Он волновался, записывая это. Он считал, что к нему пришло озарение. Эта первая мысль о создании Вольной русской типографии осуществилась через некоторое время. Сбоку этой записи Герцен сделал пометку: «Развить» – и только после этого повернулся к Сазонову.
Тот заговорил не сразу, небольшая пауза для создания торжественного момента. Потом:
– Завтра в Париже грандиозная демонстрация. Ты, конечно, с нами. Я приехал за тобой.
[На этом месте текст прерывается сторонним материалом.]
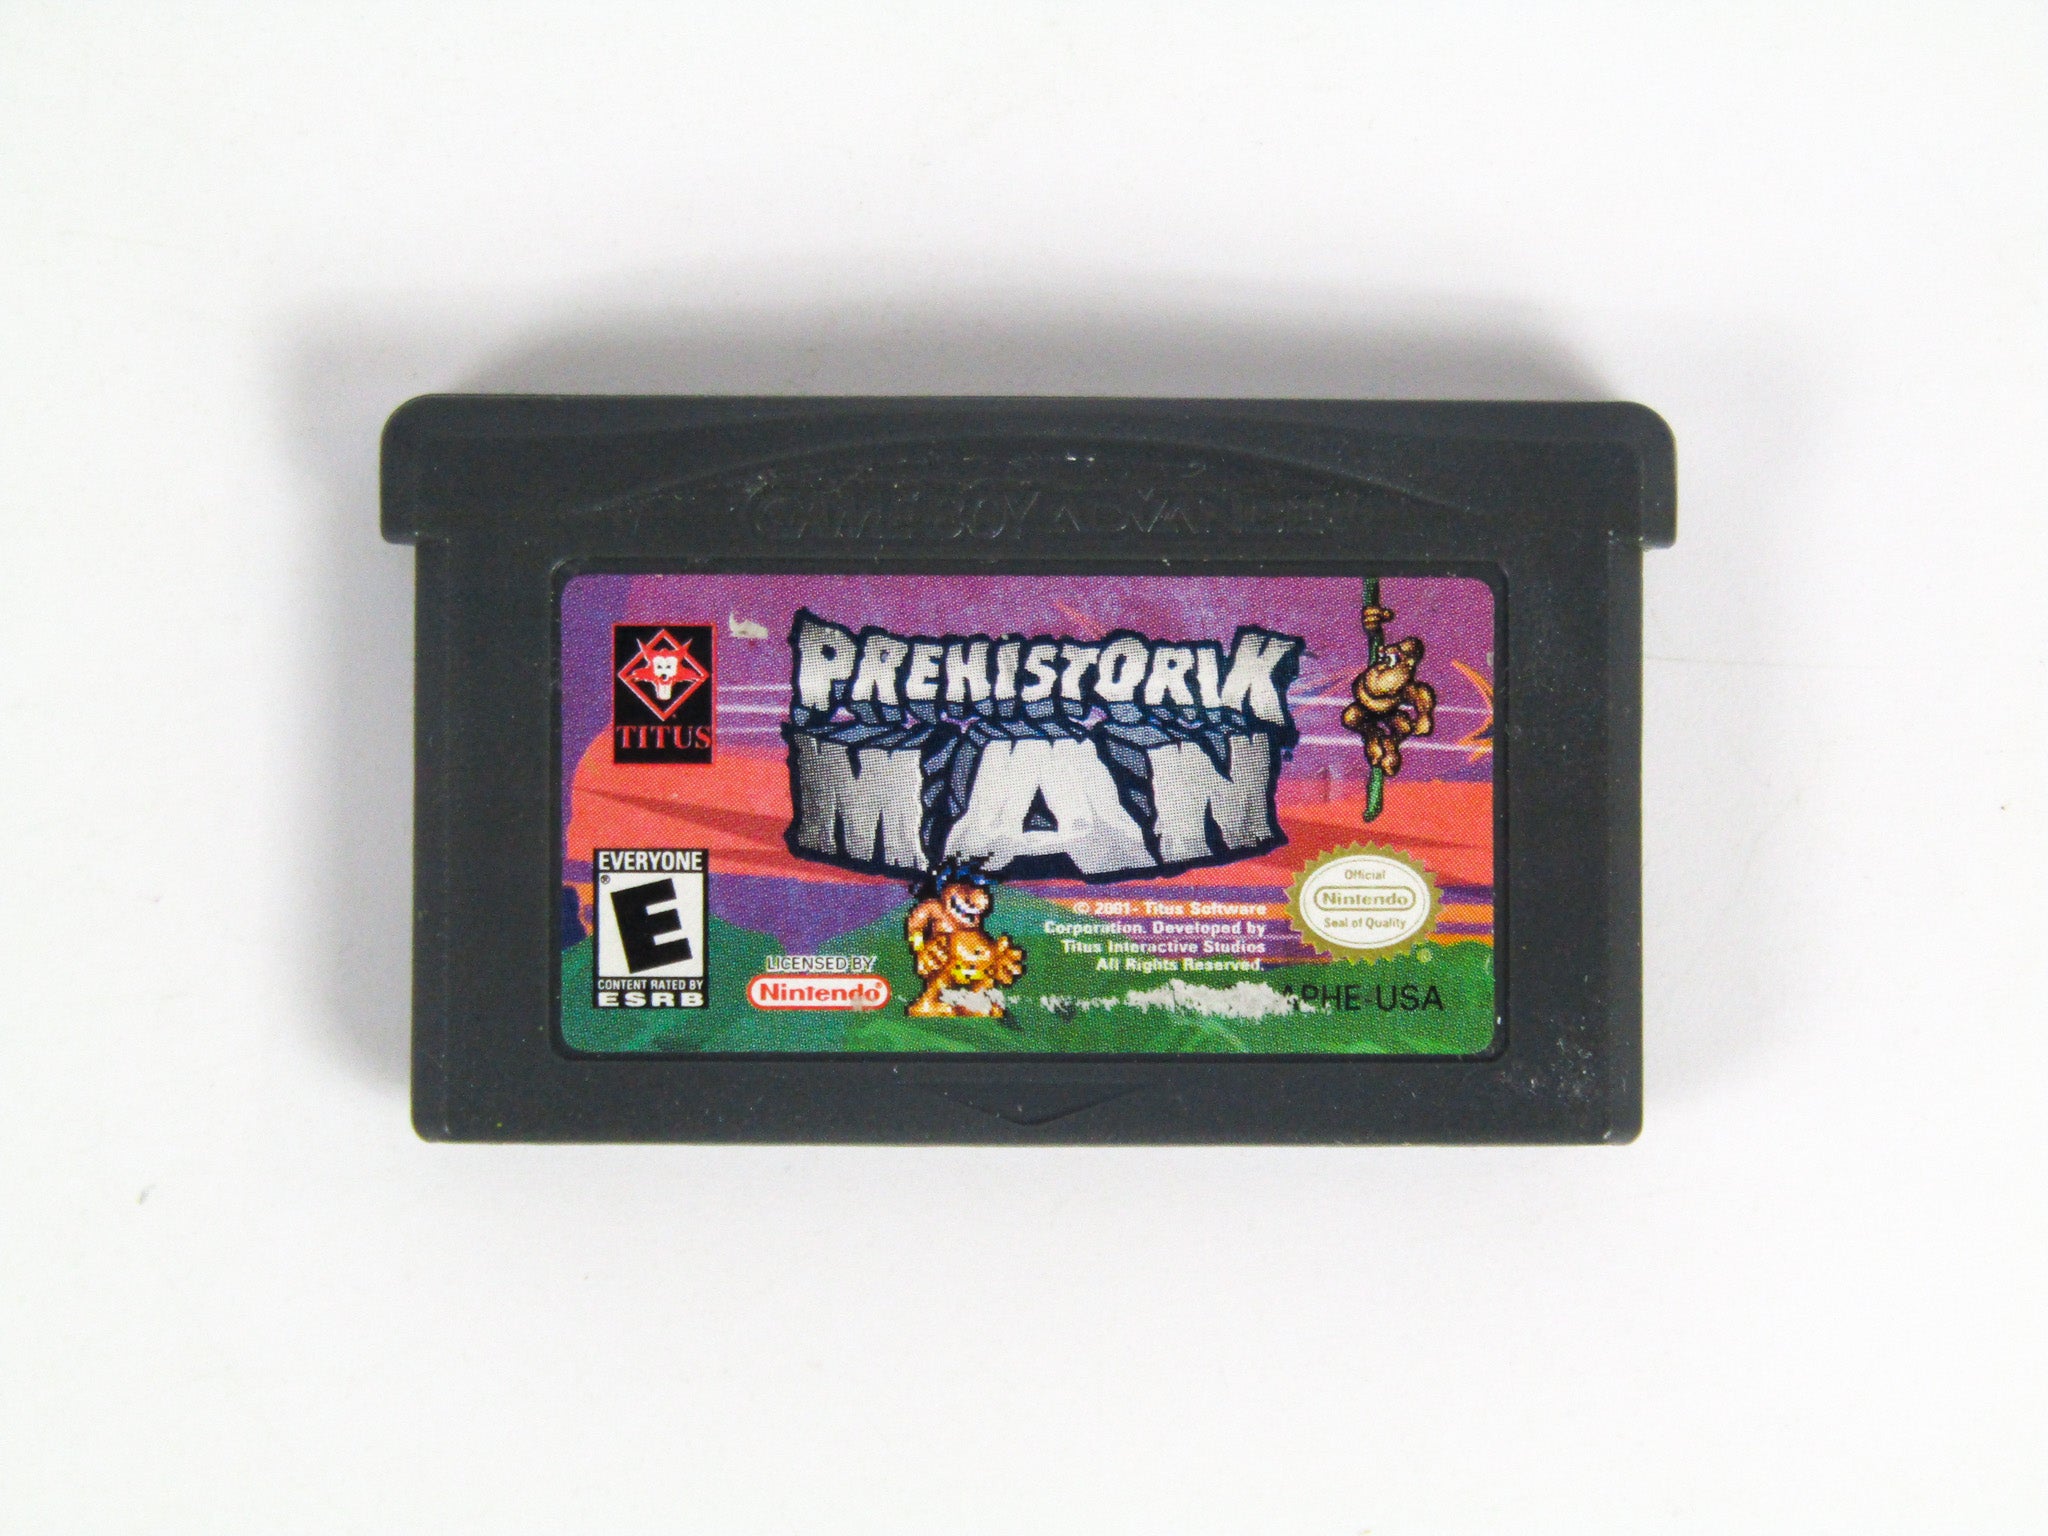 Prehistorik Man (Game Boy Advance / GBA) – RetroMTL

– Что за демонстрация? Цель? Состав?
– Я вижу, Александр, ты начисто оторвался от современности в этом захолустье Все началось с этой возмутительной итальянской авантюры Луи-Бонапарта. Его войска атаковали Рим в защиту Ватикана. Это плевок в лицо конституции!
Это-то я знаю.
– Но до тебя еще не дошло, что в законодательном собрании была по этому поводу буря. Оппозиция – Гора – увидела, что парламентским путем не сладишь с монархистами, в палате их большинство. Тогда решили выйти завтра на улицу, призвать народ в защиту конституции.
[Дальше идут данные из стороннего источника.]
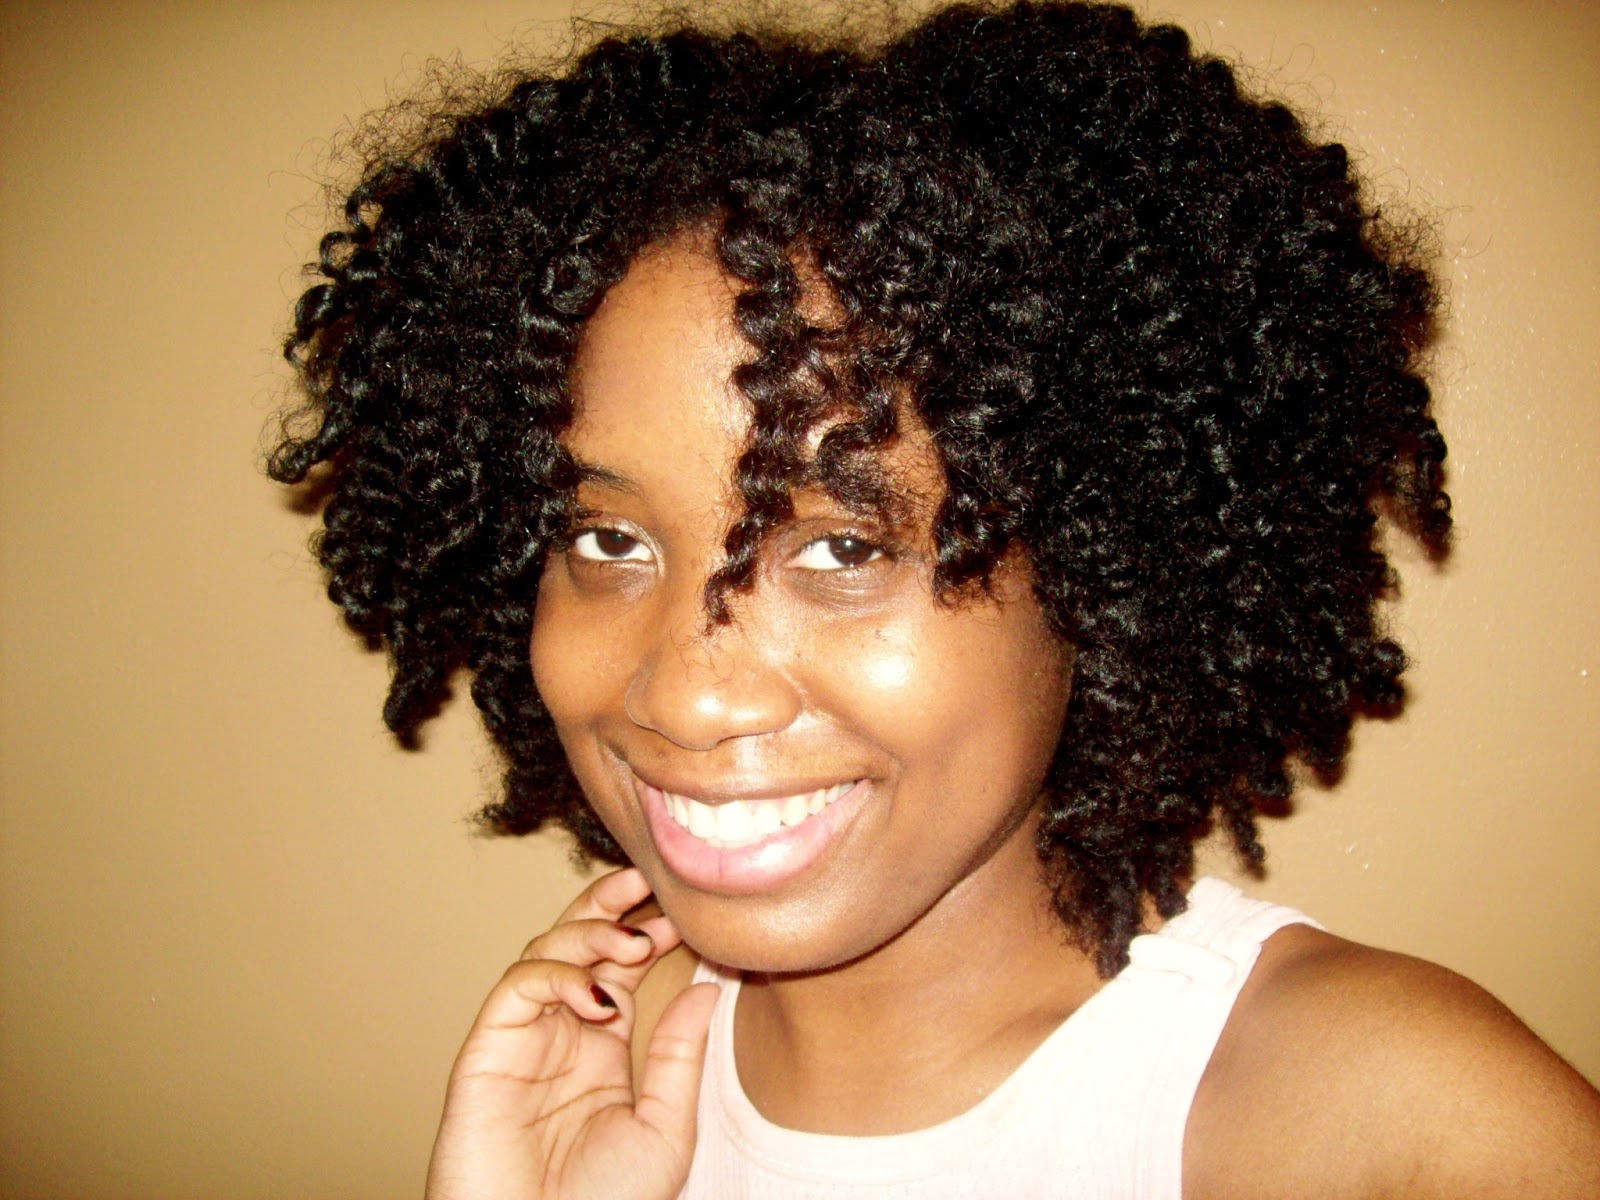 Wedding Hairstyles For Black Women 2014 Maar vind natuurlijke krullen veel mooier bij een donkere vrouw als zo

– С оружием? Тогда это катастрофа.
– Были споры. Решили: без оружия.
– Тогда это фарс.
– Да, мы будем безоружными. А если нас встретят пулями, что ж…
Сазонов стиснул кулак и размашисто воздел руку. «Что за фанфаронство», – подумал Герцен, с грустью глядя на старого друга.
– Все же, – сказал он, – я не пойму, за что вы идете на улицу. Какие у вас призывы к народу?
– Как какие? Все те же: свобода, мир, братство народов.
– Кто там будет, наконец?
– Мы, эмигранты, пойдем особой колонной.
– У меня-то что общего с этими людьми? К чему они стремятся, чего хотят?
Сазонов даже задохнулся от негодования. Он встал, выпрямился во весь свой маленький рост.
– Ну, Александр, – сказал он, – мне остается сказать тебе то, что Ноздрев сказал своему зятю: иди бабиться с женой.
Герцен подумал, что и впрямь в Сазонове в иные минуты есть что-то от Ноздрева.
– Иди, – продолжал Сазонов, яростно выбрасывая слова, – иди к жениной юбке. Позиция хоть и не очень почетная, но вполне покойная, а главное, безопасная? А мы пойдем с красными знаменами на площадь.
Герцен неожиданно сказал:
– Изволь, пойду. Движение нелепое. Надуманное! Народ останется в стороне. Но я пойду. Глупо. Но мало ли каких глупостей я не делал в жизни.
Сазонов бросился обнимать Герцена.
В тот же день Герцен поехал с Сазоновым в Париж и на следующий день в колонне эмигрантов пошел на демонстрацию. Осуждал себя, но пошел. Ругал за шаткость, за то, что убеждения его – одно, а поступок – другое. Сознавал, что делает это, чтобы его не обвинили в трусости. Клял себя за ложный стыд, за беспринципную уступку дружбе. Ругал себя за то, что не может подняться выше этого, за слабость человеческую. Так, осуждая себя, пошел.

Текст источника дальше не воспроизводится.